In fact, only 2 bits are used! The private _bits member can have 4 states:

0b00: Unlocked.
0b01: Locked.
0b10: Unlocked and has parked threads.
0b11: Locked and has parked threads.

PyMutex_Lock() can lock with a single atomic compare-exchange operation in the uncontended case using a static inline function:

PyAPI_FUNC(void) PyMutex_Lock(PyMutex *m);

static inline void
_PyMutex_Lock(PyMutex *m)
{
    uint8_t expected = _Py_UNLOCKED;
    if (!_Py_atomic_compare_exchange_uint8(&m->_bits, &expected, _Py_LOCKED)) {
        PyMutex_Lock(m);
    }
}
#define PyMutex_Lock _PyMutex_Lock

Otherwise, it calls PyMutex_Lock() function to acquire the lock.

Flags

The internal PyMutex_LockFlags() function accepts flags:

_Py_LOCK_DONT_DETACH: Do not detach/release the GIL when waiting on the lock.
_PY_LOCK_DETACH: Detach/release the GIL while waiting on the lock.
_PY_LOCK_HANDLE_SIGNALS: Handle signals if interrupted while waiting on the lock.
_PY_FAIL_IF_INTERRUPTED: Fail if interrupted by a signal while waiting on the lock.
_PY_LOCK_PYTHONLOCK: Locking & unlocking this lock requires attached thread state. If locking returns PY_LOCK_FAILURE, a Python exception may be raised. (Intended for use with _PY_LOCK_HANDLE_SIGNALS and _PY_LOCK_DETACH.)

The PyMutex_Lock() function uses _PY_LOCK_DETACH flag by default.

Performance

The Tools/lockbench/lockbench.py benchmark compares PyMutex with the existing PyThread_type_lock.

Uncontended acquisition + release:

Linux (x86-64): PyMutex 11 ns (4x faster), PyThread_type_lock 44 ns
macOS (arm64): PyMutex 13 ns (1.4x faster), PyThread_type_lock 18 ns
Windows (x86-64): PyMutex 13 ns (2.9x faster), PyThread_type_lock 38 ns

Critical section

In practice, the PyMutex should not be used directly, it's better to use the critical section API instead: see Py_BEGIN_CRITICAL_SECTION(obj) documentation.

Critical sections avoid deadlocks by implicitly suspending active critical sections, hence, they do not provide exclusive access such as provided by traditional locks like PyMutex.
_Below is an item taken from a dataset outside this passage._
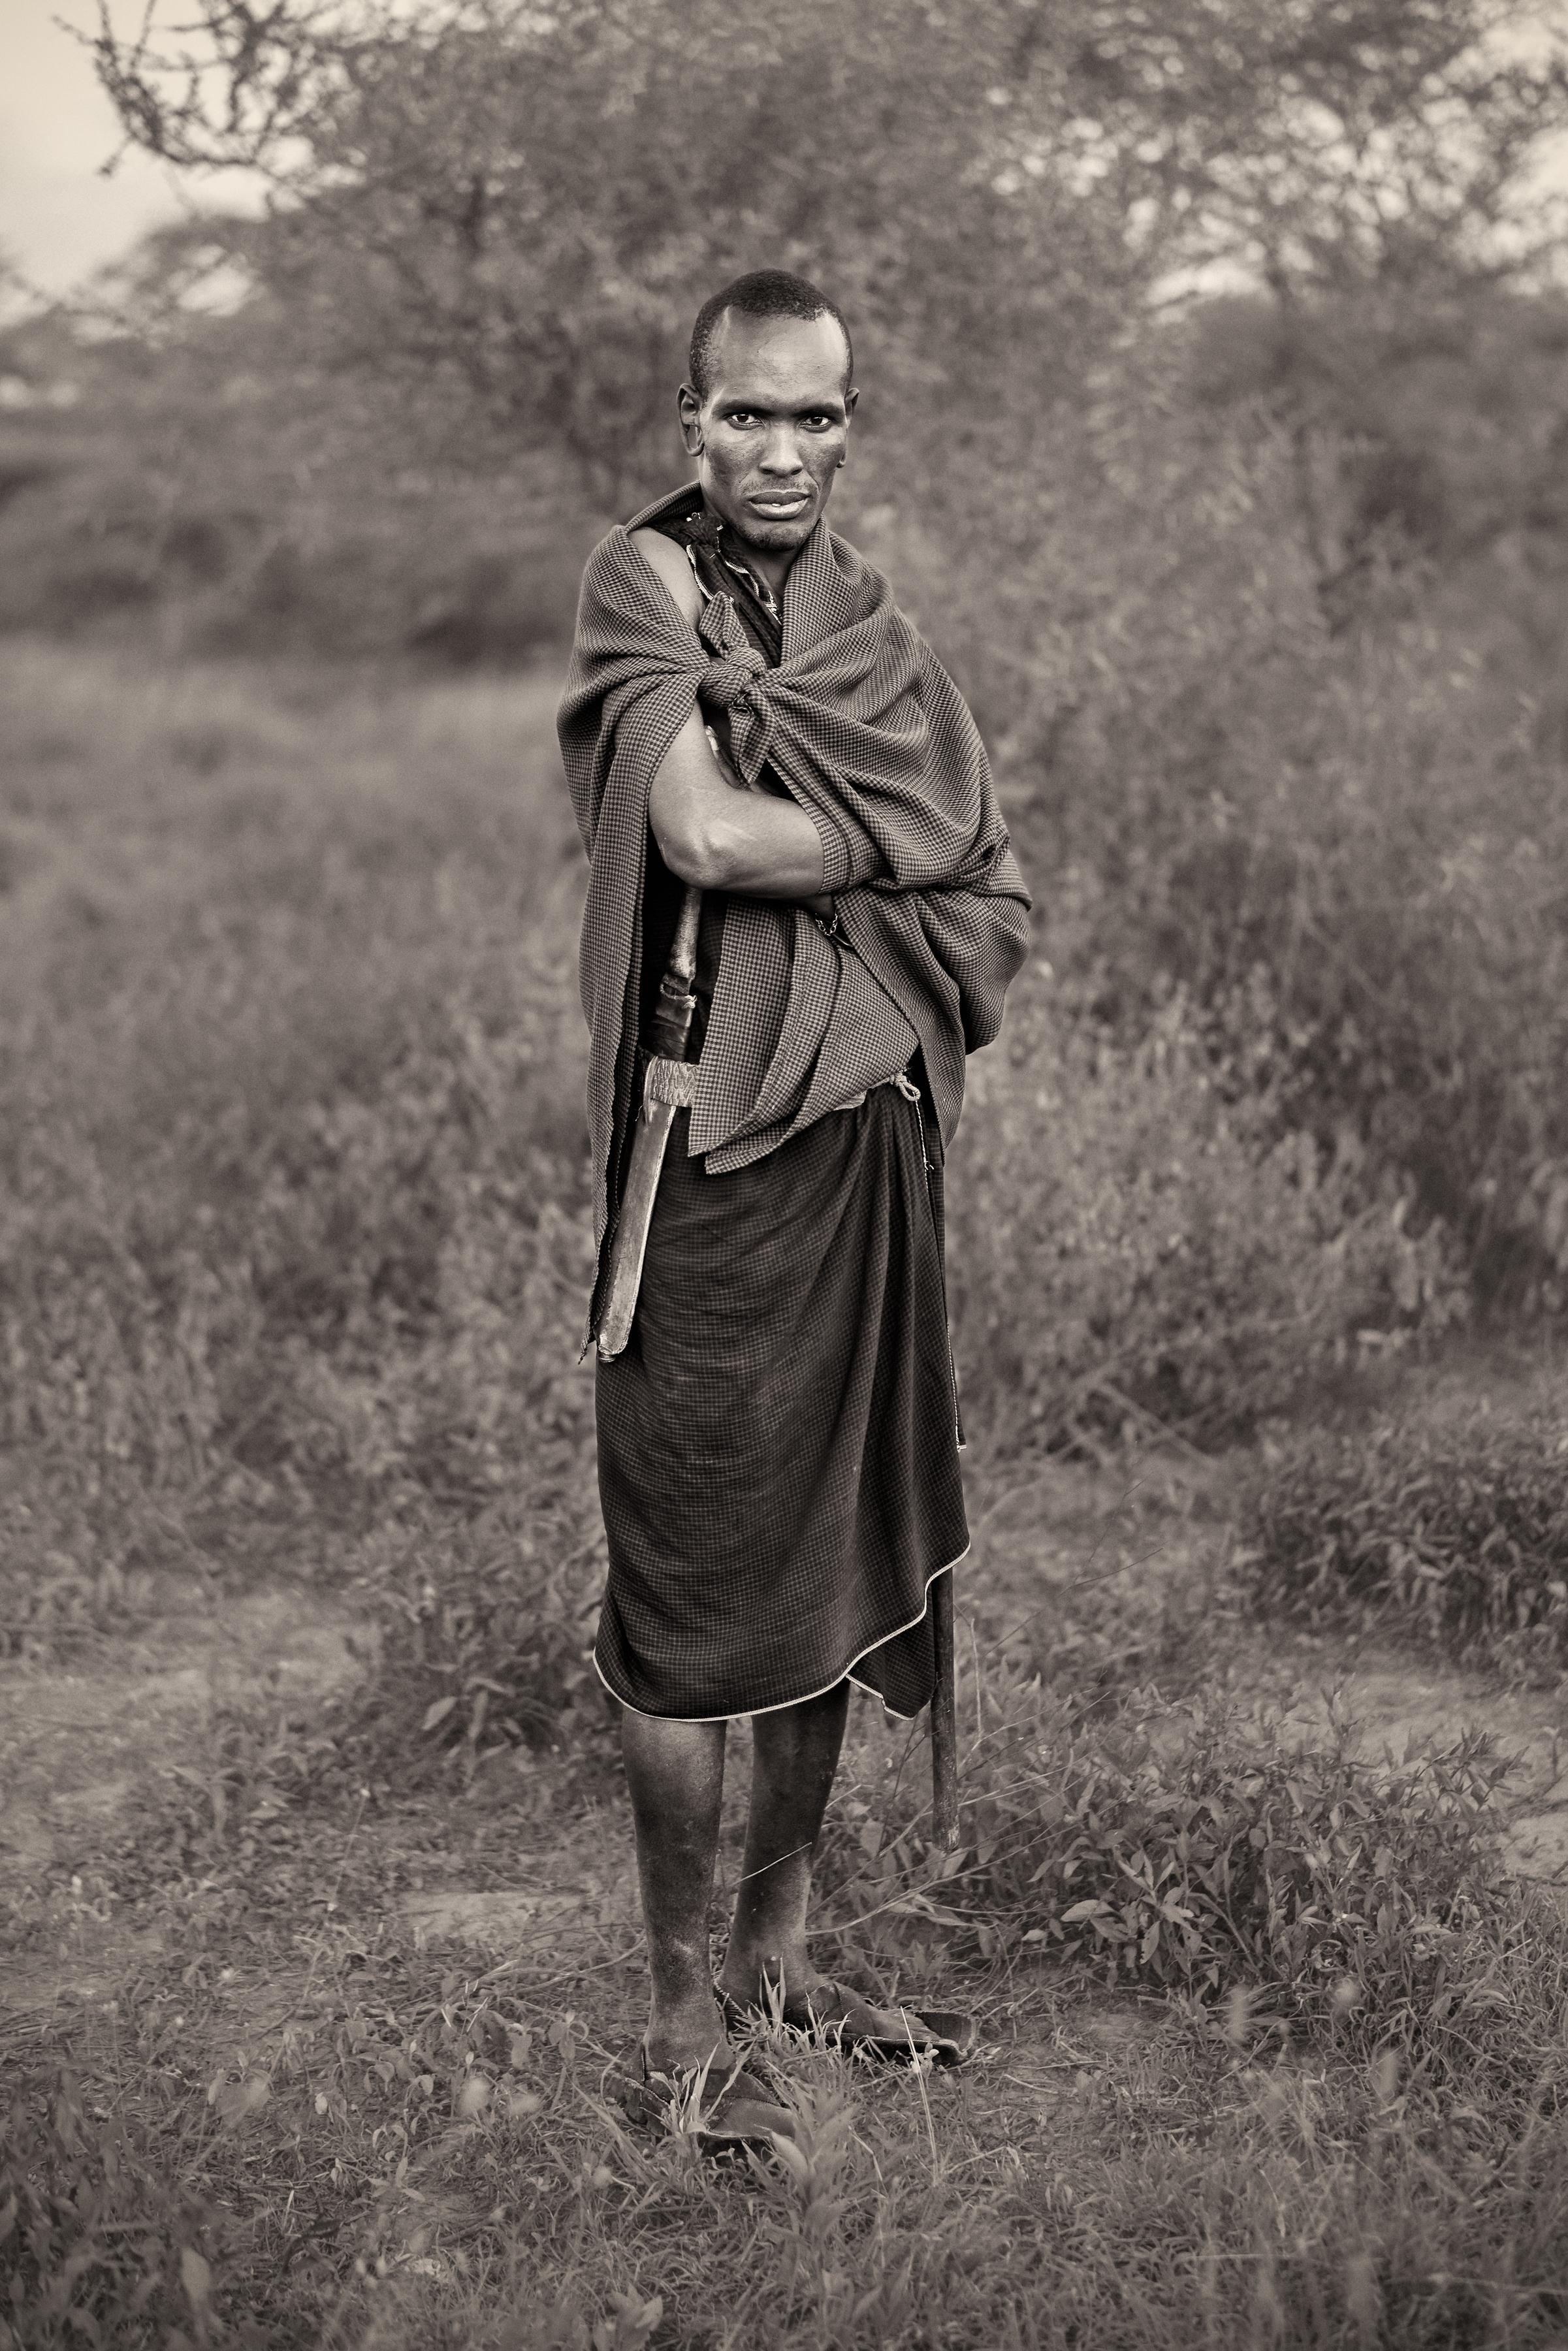 Ilan Wittenberg, from The Maasai People

When a critical section is started, the per-object lock for the object is acquired. If the code executed inside the critical section calls C-API functions then it can suspend the critical section thereby releasing the per-object lock, so other threads can acquire the per-object lock for the same object.